Data excerpt
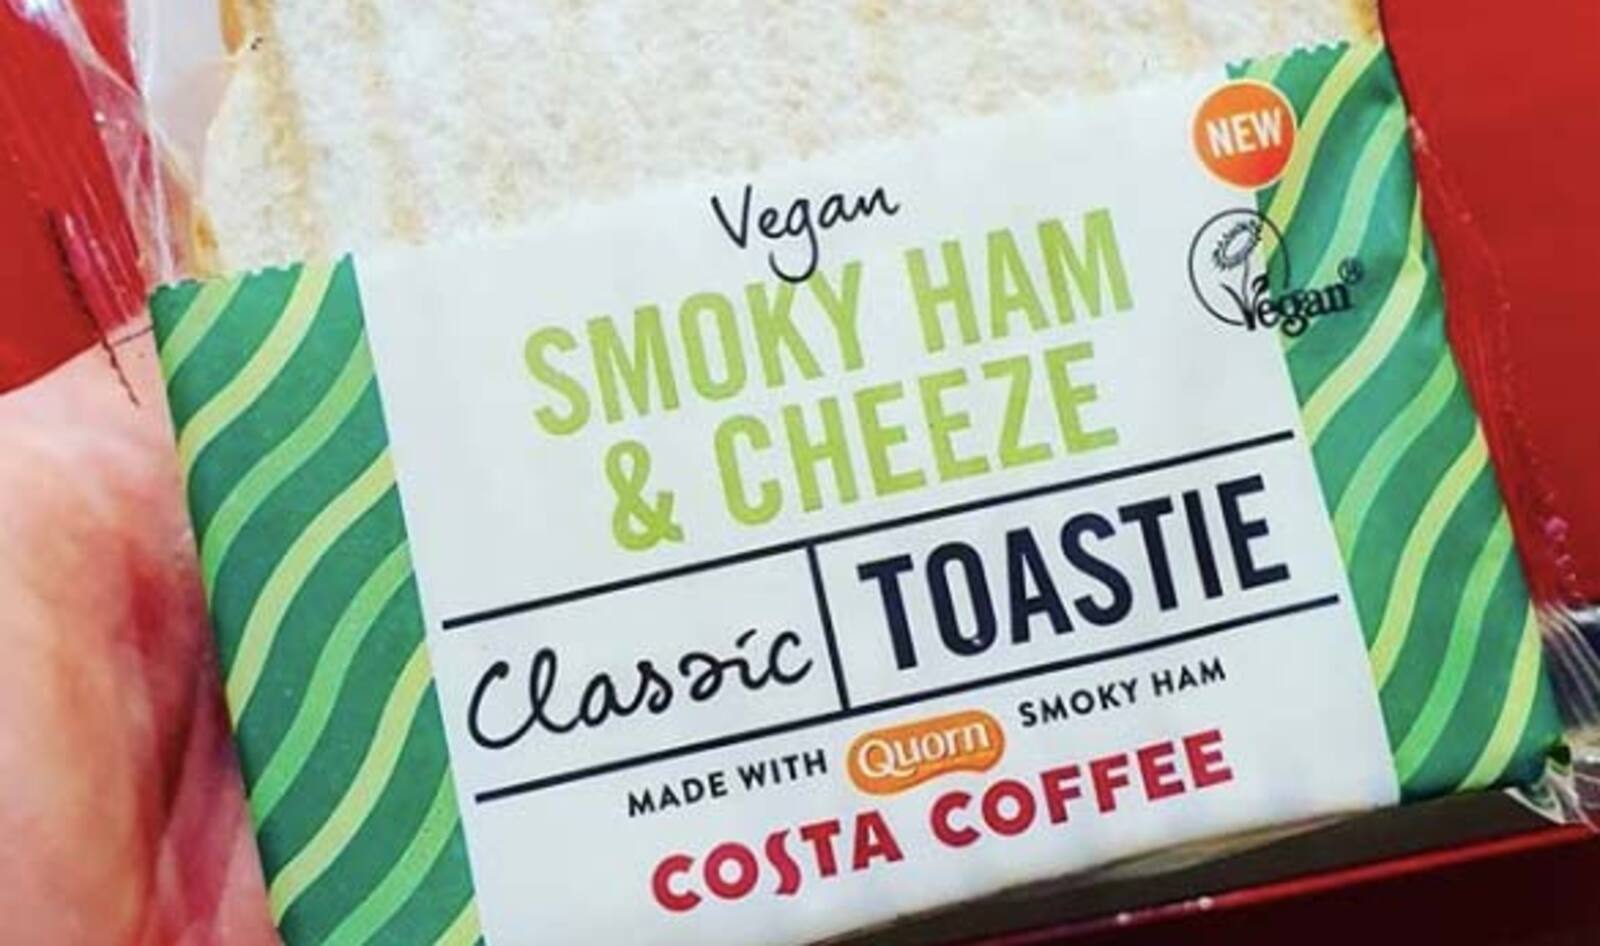 UK’s Largest Coffee Chain Launches Vegan Ham and Cheese Sandwiches&nbsp;
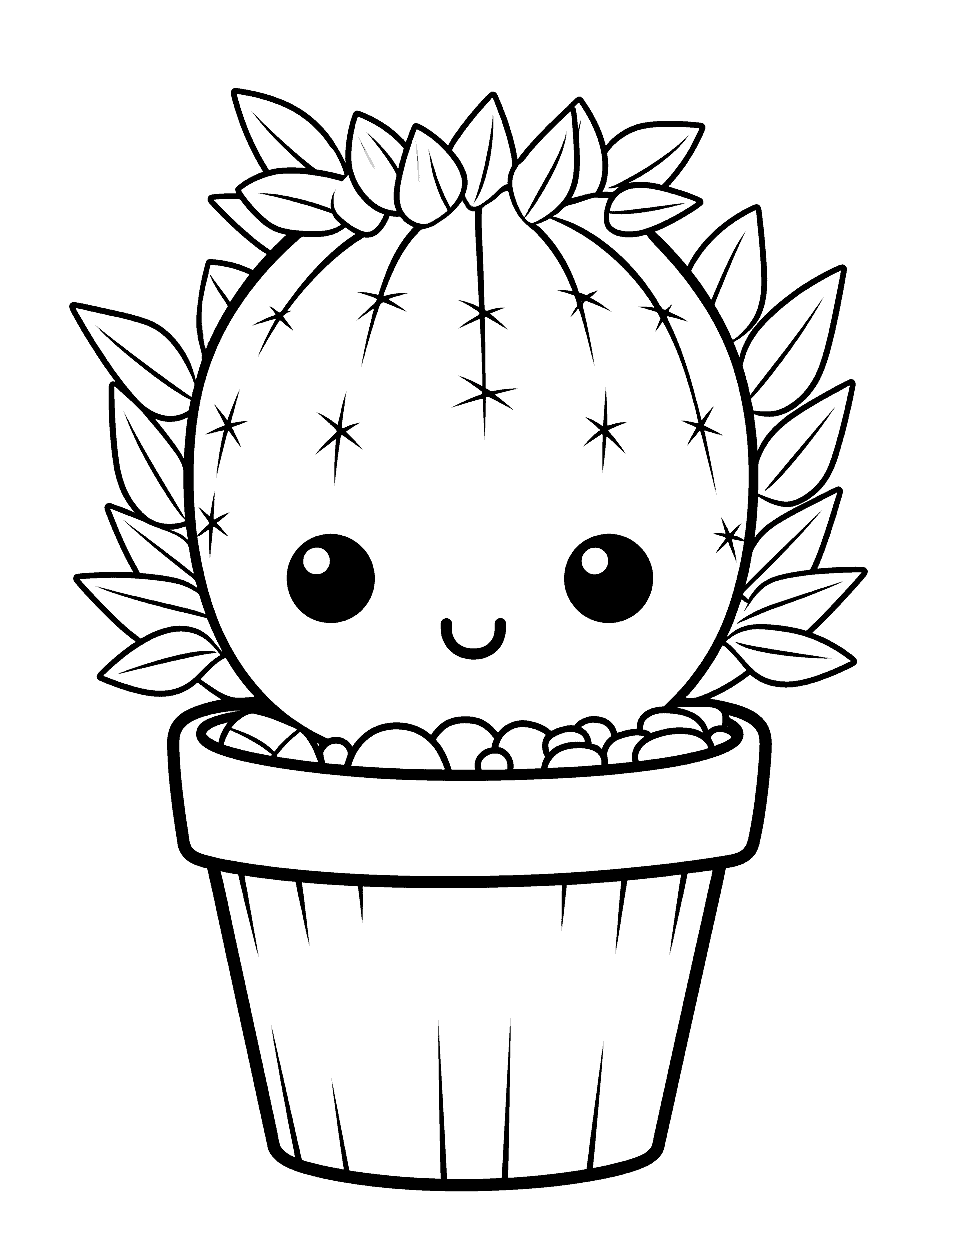 Kawaii Cactus Adult Coloring Page - A cute little cactus with big, sparkling eyes.
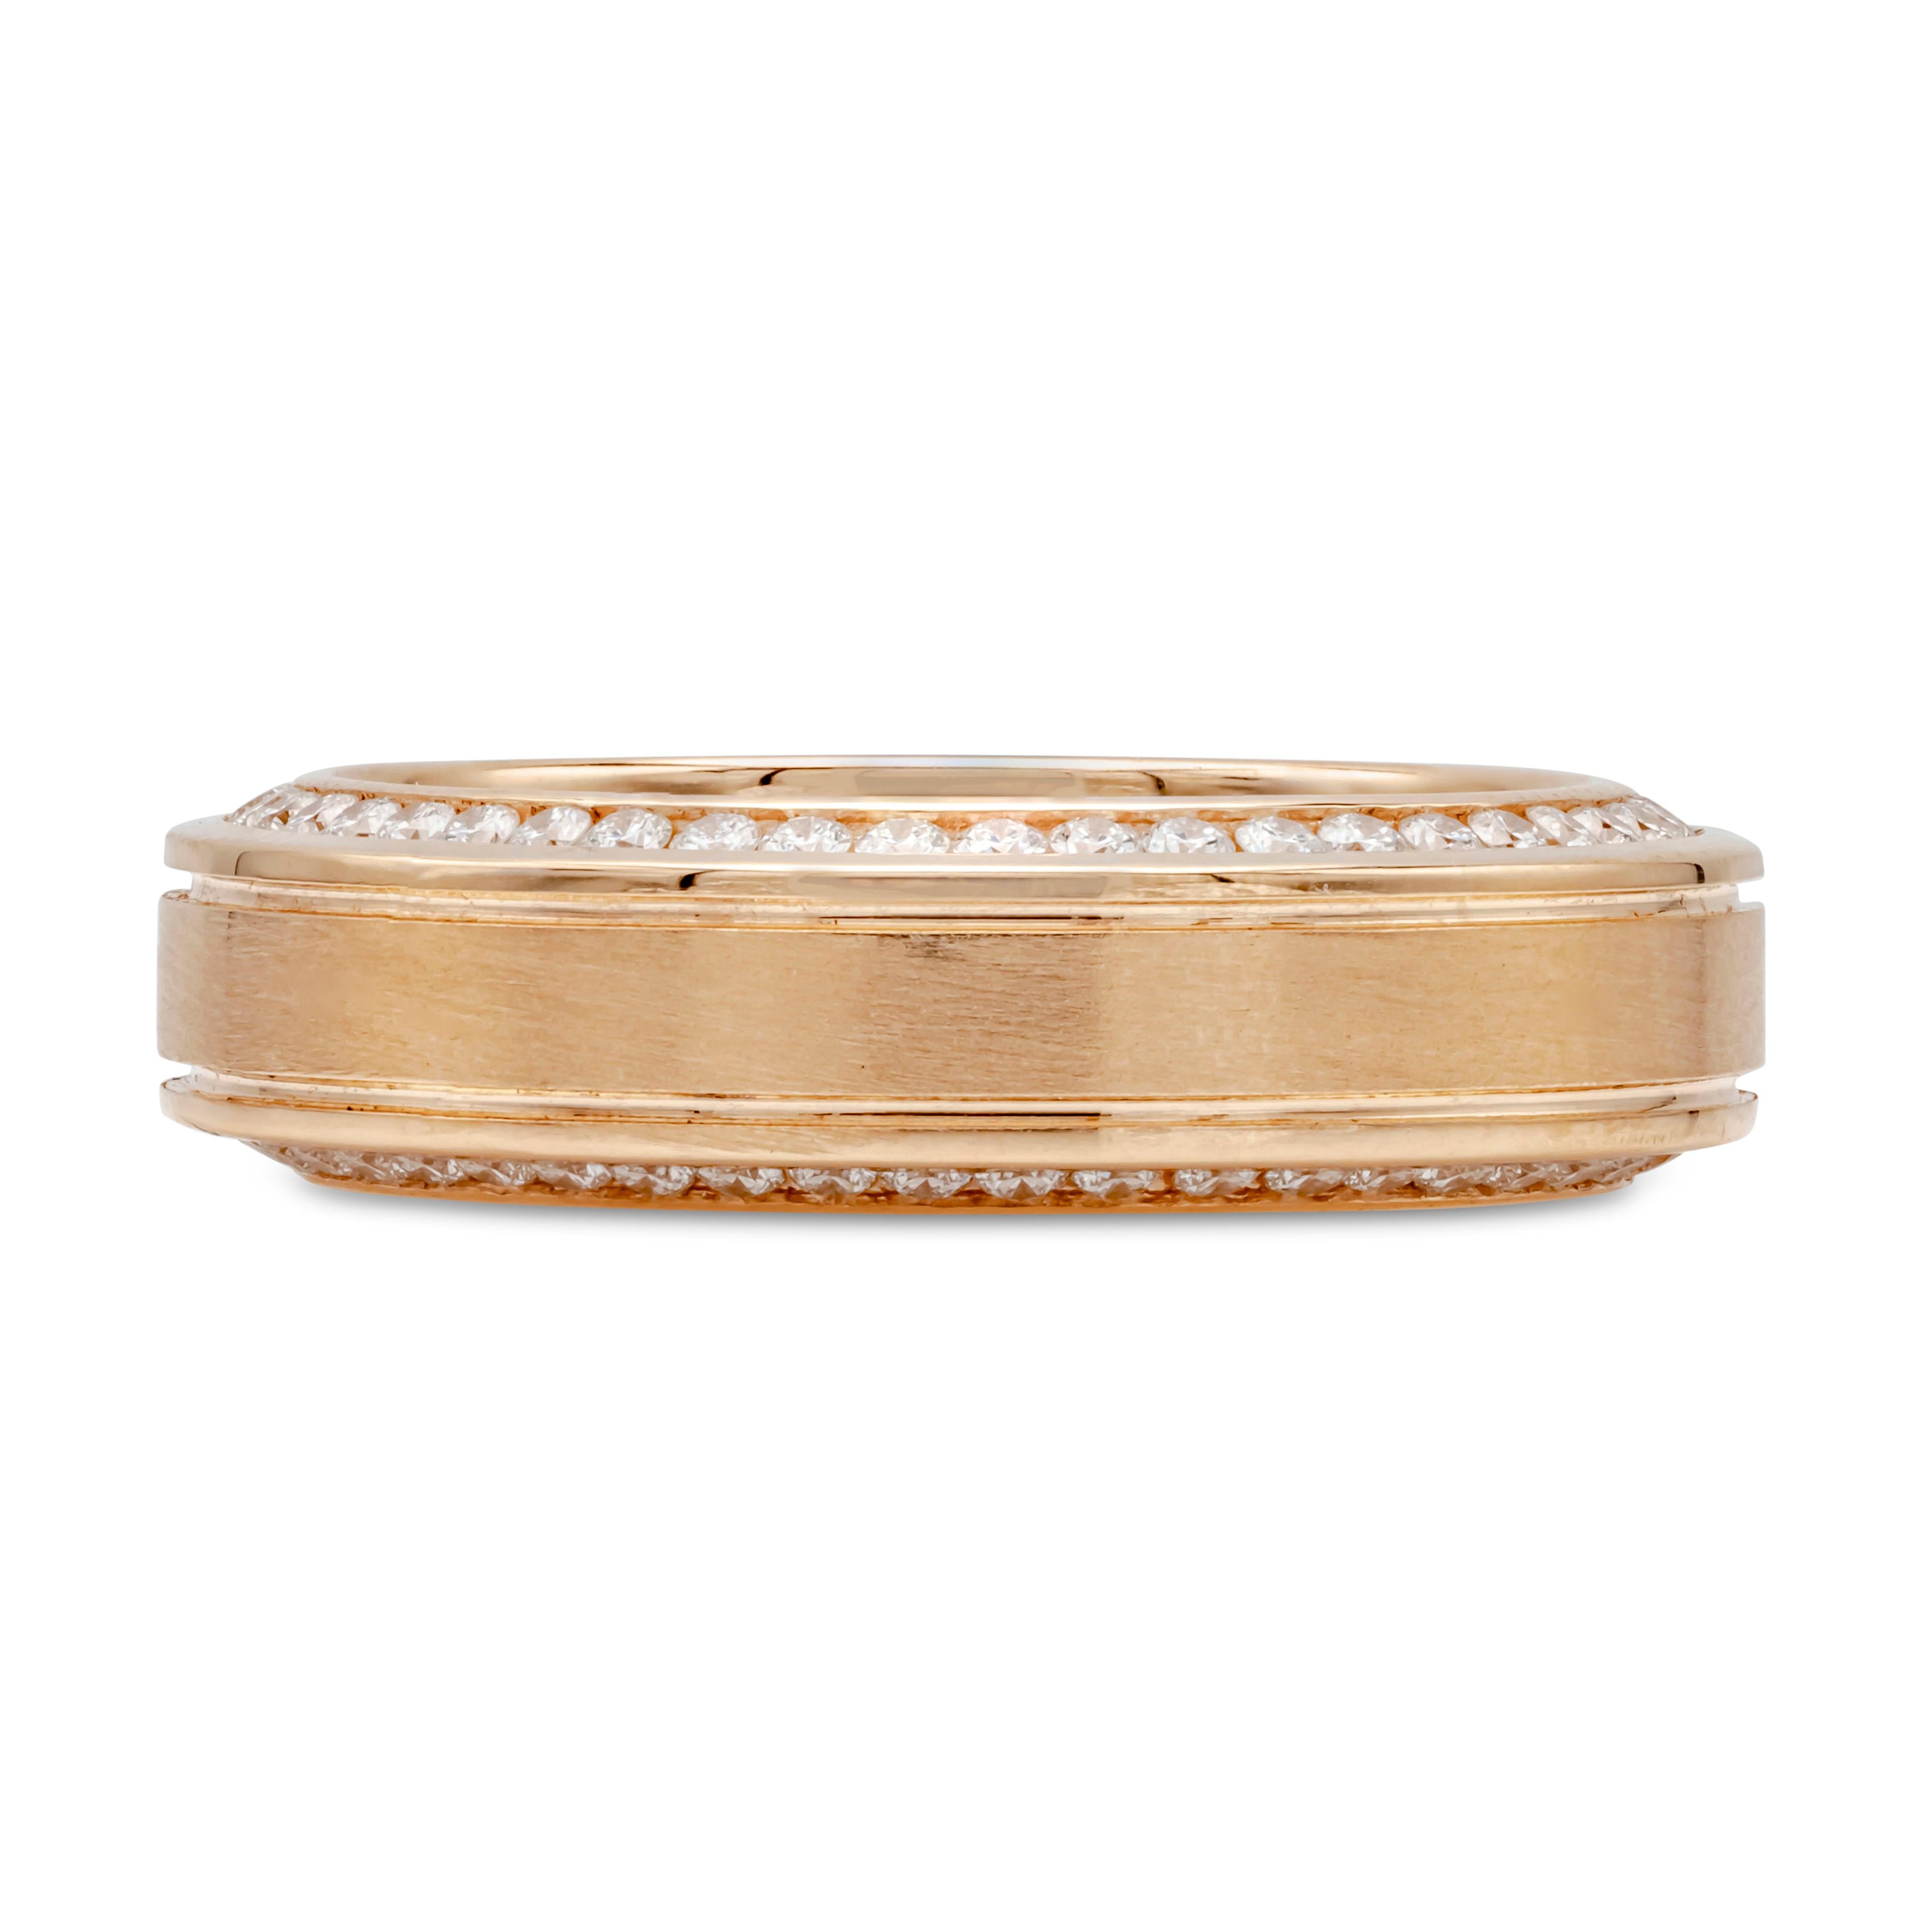 A comfort fit wedding band wrapped with round brilliant diamonds weighing 1.21 carats total; channel set on each side of the ring. Two lines finely-engraved in the middle portion of the ring and made in 18k rose gold. Gorgeous brushed inlay finish.

Assignment
Repeat the data above exactly, images excluded.

Expected output
 UK’s Largest Coffee Chain Launches Vegan Ham and Cheese Sandwiches&nbsp;
 Kawaii Cactus Adult Coloring Page - A cute little cactus with big, sparkling eyes.
 A comfort fit wedding band wrapped with round brilliant diamonds weighing 1.21 carats total; channel set on each side of the ring. Two lines finely-engraved in the middle portion of the ring and made in 18k rose gold. Gorgeous brushed inlay finish.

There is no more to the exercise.